:: GIVEN INFORMATION ::

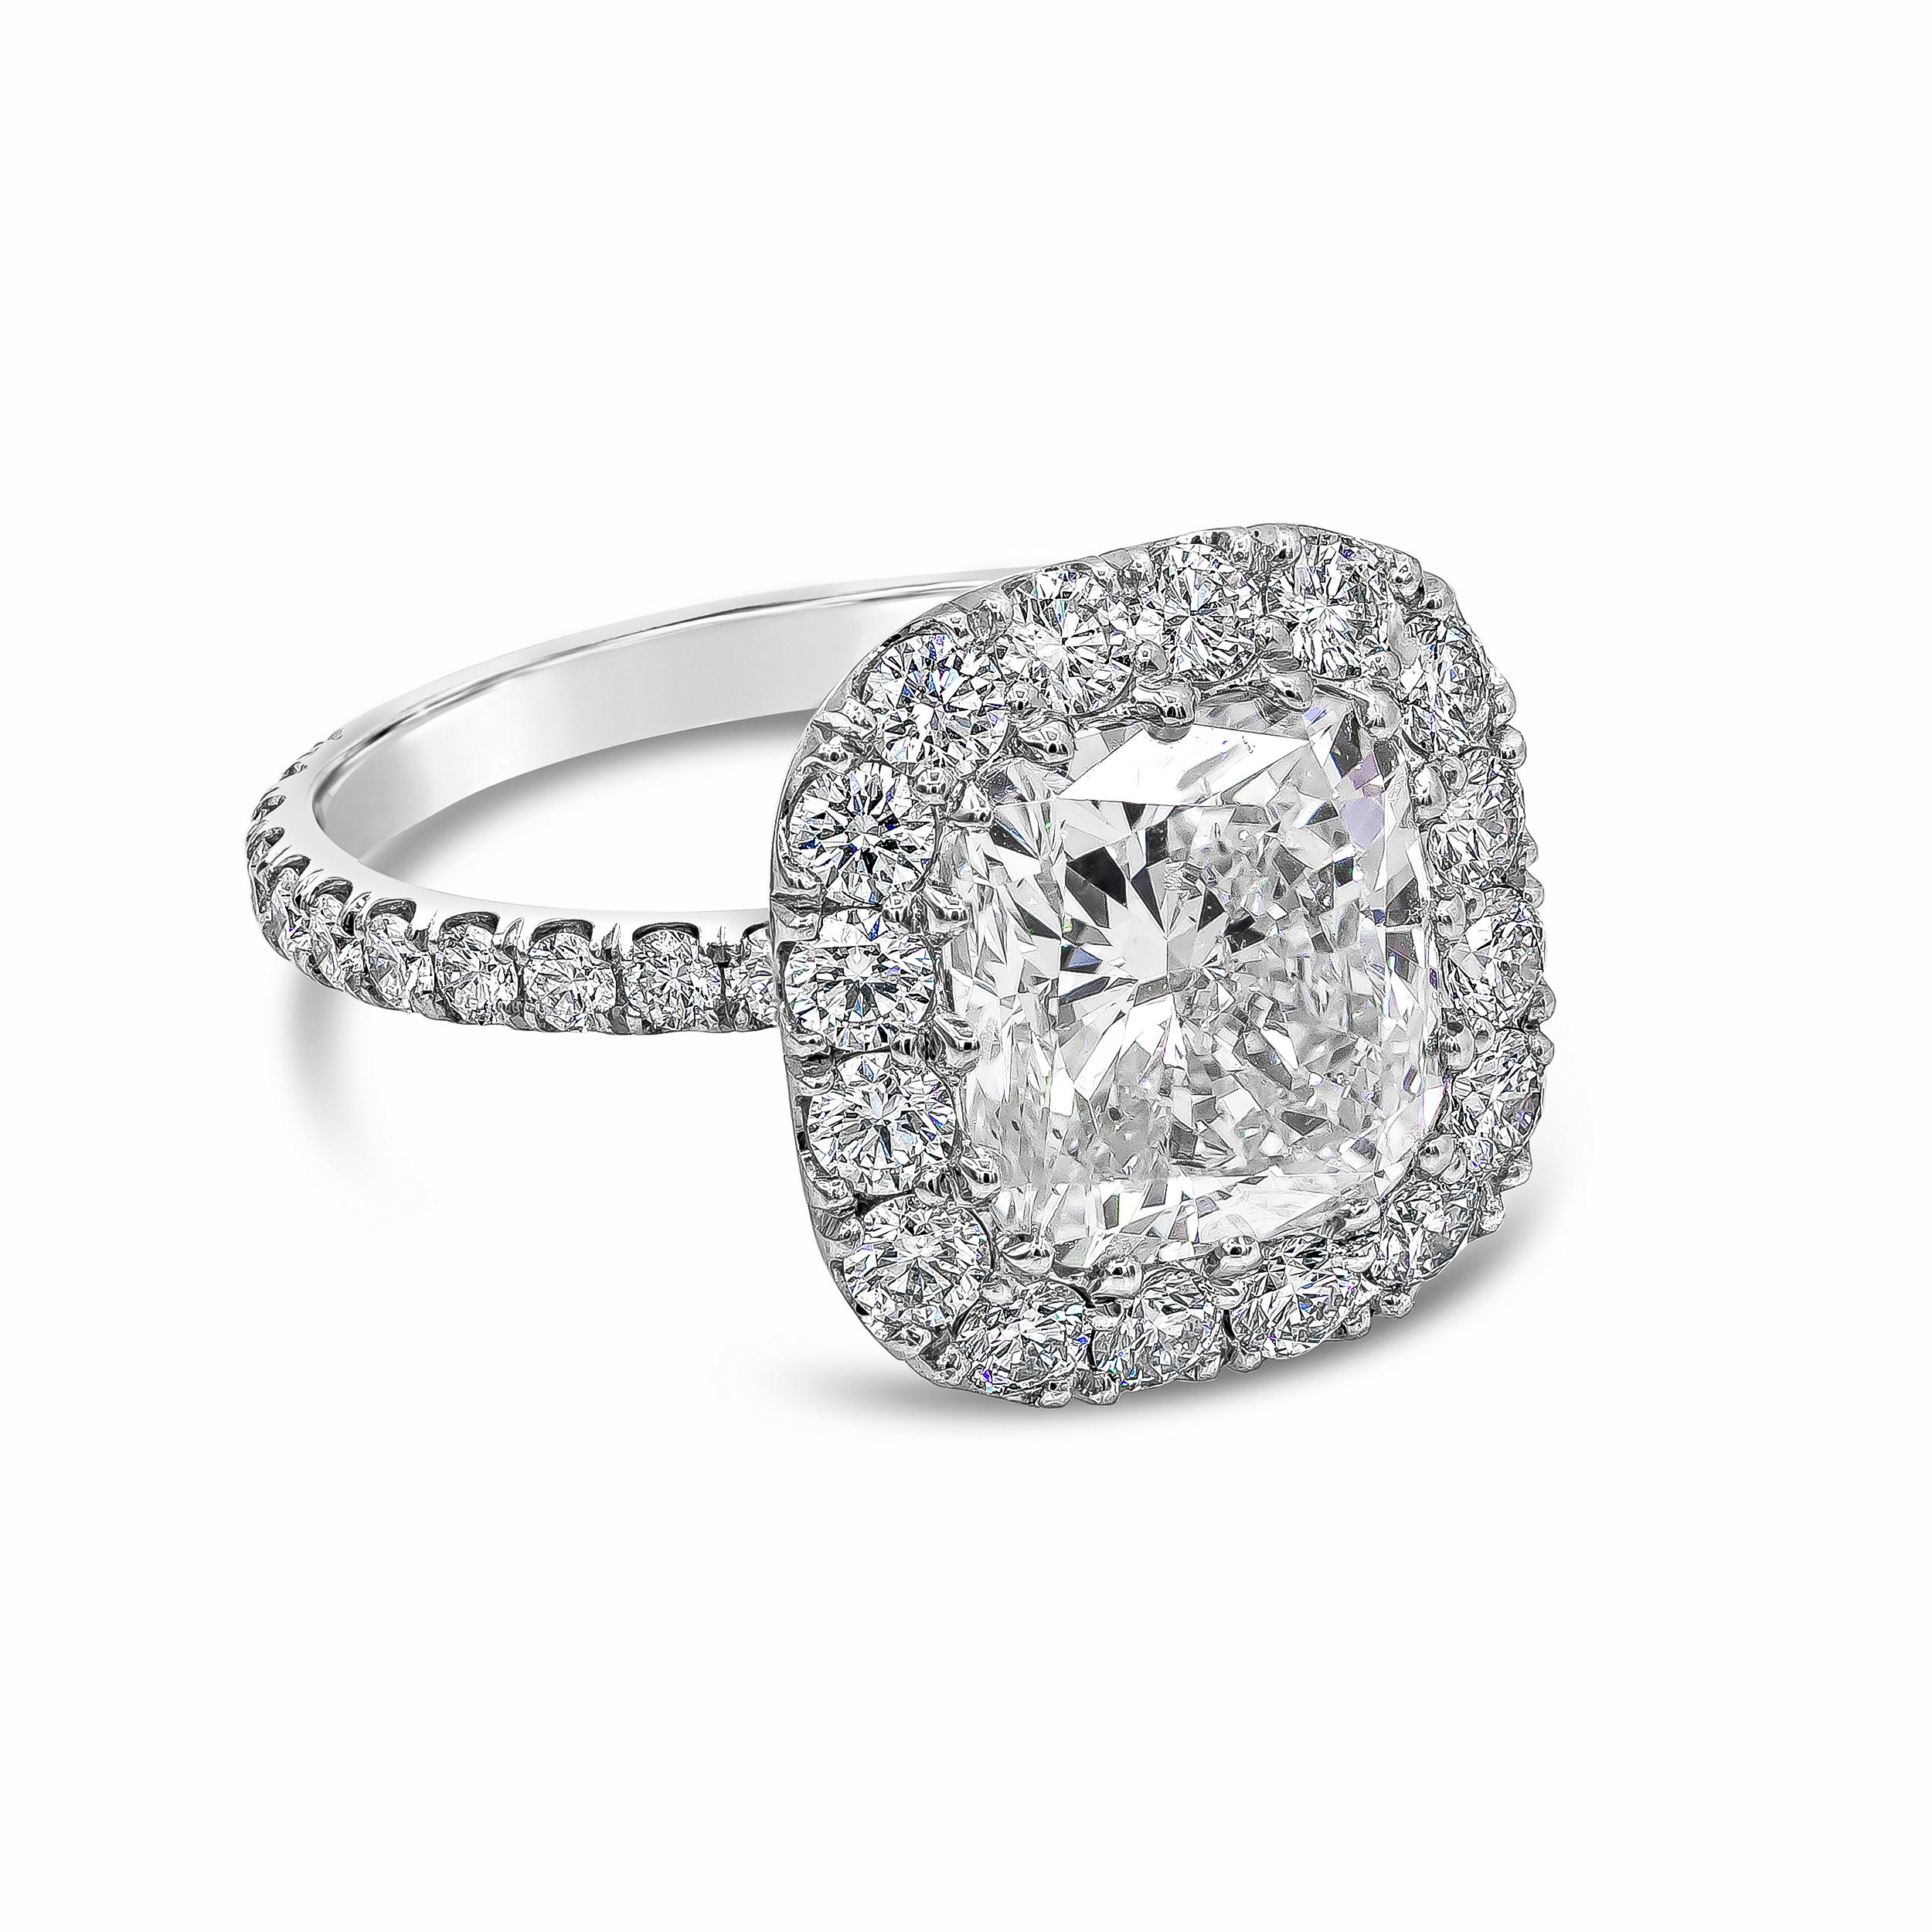 A traditional engagement ring style showcasing a 3.70 carat cushion cut diamond, embellished with a single row of round brilliant diamonds. Set in a platinum mounting set with diamonds. Accent diamonds weigh 1.43 carats total.

GIA G-SI2

Style
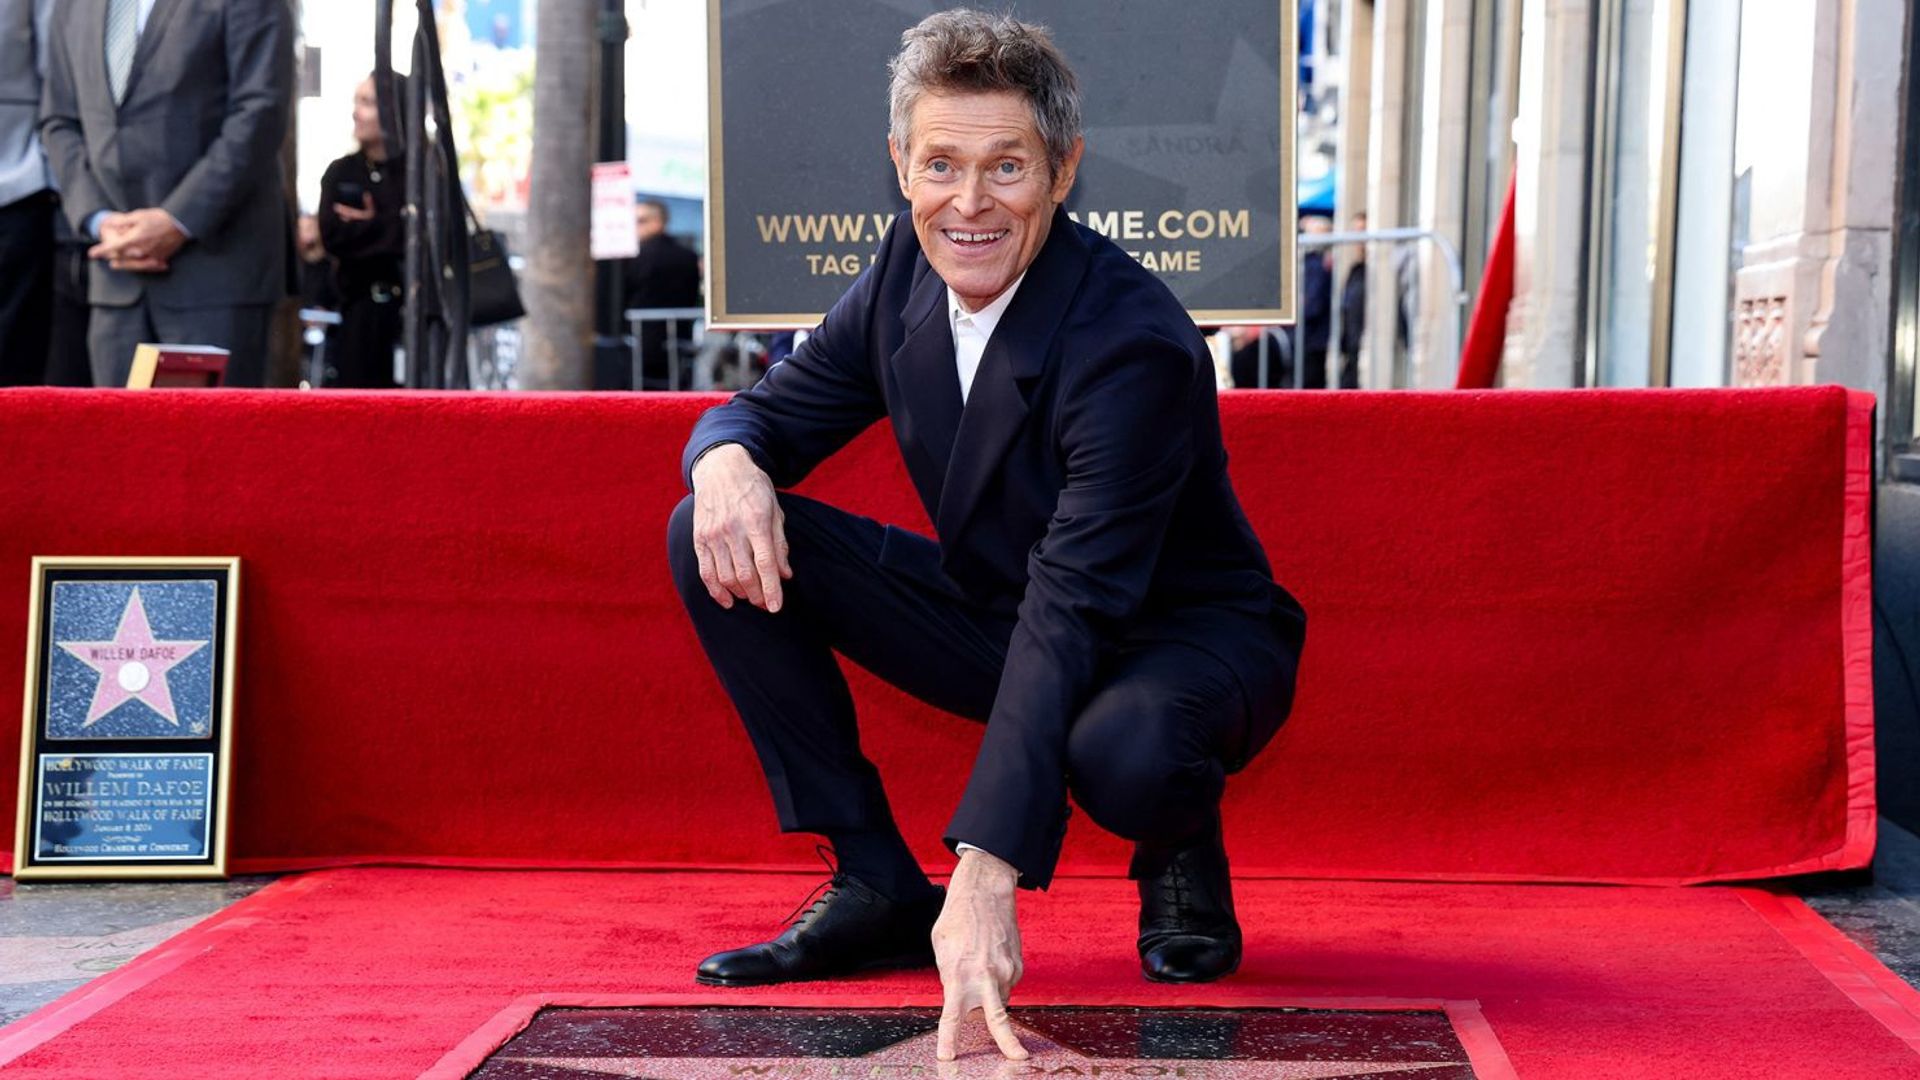 Willem Dafoe and his star on the Walk of Fame

:::

_WORK TO BE COMPLETED_
Print the material verbatim; drop the pictures.

_EXPECTED OUTPUT_
 A traditional engagement ring style showcasing a 3.70 carat cushion cut diamond, embellished with a single row of round brilliant diamonds. Set in a platinum mounting set with diamonds. Accent diamonds weigh 1.43 carats total.

GIA G-SI2

Style
 Willem Dafoe and his star on the Walk of Fame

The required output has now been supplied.